The secant function and the cosine function will touch at the points $\left(-\frac{\pi}{6},\frac{1}{2}\right)\text{,}$ $\left(\frac{\pi}{6},-\frac{1}{2}\right)\text{,}$ $\left(\frac{\pi}{2},\frac{1}{2}\right)\text{,}$ $\left(\frac{5\pi}{6},-\frac{1}{2}\right)\text{,}$ and $\left(\frac{7\pi}{6},\frac{1}{2}\right)\text{.}$

The secant function will approach the vertical asymptotes $t=0\text{,}$ $t=\frac{\pi}{3}\text{,}$ $t=\frac{2\pi}{3}\text{,}$ and $t=\pi\text{.}$ Over the intervals $\left(0,\frac{\pi}{3}\right)$ and $\left(\frac{2\pi}{3},\pi\right)$ the secant curves will point downward along the asymptotes. Over $\left(\frac{\pi}{3},\frac{2\pi}{3}\right)$ the secant curve will point upward along the asymptotes. Over the interval $\left(-\frac{\pi}{6},0\right)$ the secant curve will point upward along the asymptote $x=0$ and over the interval $\left(\pi,\frac{7\pi}{6}\right)$ the secant curve will point upward along the asymptote $t=\pi\text{.}$

The secant function is graphed along with the cosine function in Figure 16.6.7. Figure 16.6.7. Two Periods of $y=\frac{1}{2}\sec\left(3\left(t-\frac{\pi}{2}\right)\right)$(thick and red) and $y=\frac{1}{2}\cos\left(3\left(t-\frac{\pi}{2}\right)\right)$ (thin and gray)
##### The Graph of the Function $y=\csc(t)$.
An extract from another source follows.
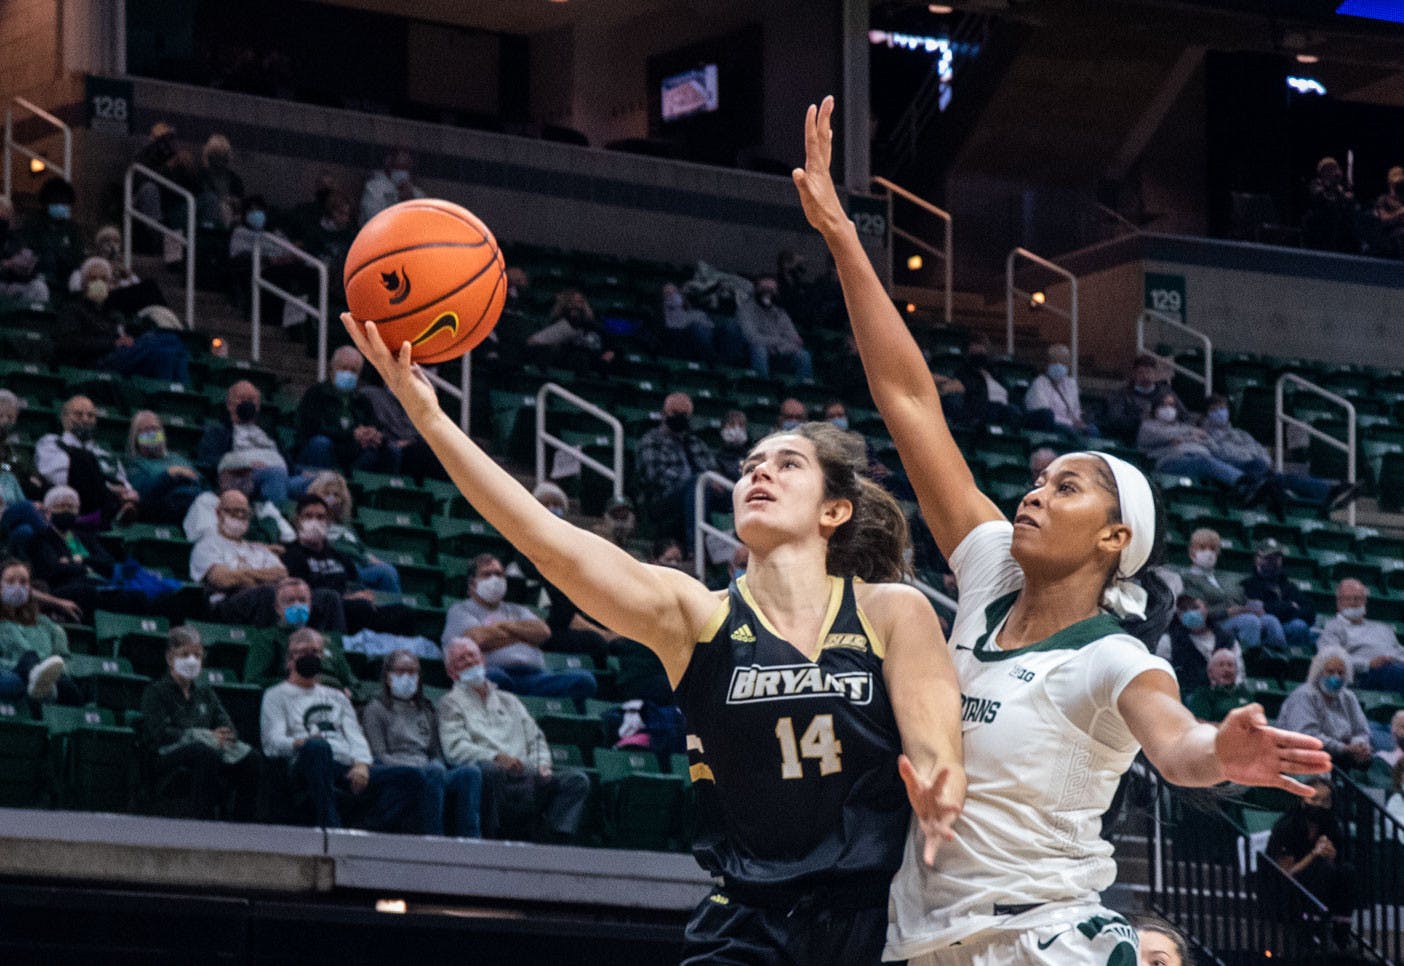 <p>Graduate student forward Alisia Smith (4) attempts to block a Bryant basket in the first quarter. The Spartans crushed the Bulldogs, 100-60, which led coach Suzy Merchant to her 300th win with Michigan State on Nov. 19, 2021.</p>

Because the cosecant function and the sine function are reciprocal functions, we can gain insight into the graph of $y=\csc(t)$ by looking at a graph $y=\sin(t)\text{.}$ A graph of the sine function is shown in Figure 16.6.8. Figure 16.6.8. $y=\csc(t)$ (thick and red) and $y=\sin(t)$ (thin and gray)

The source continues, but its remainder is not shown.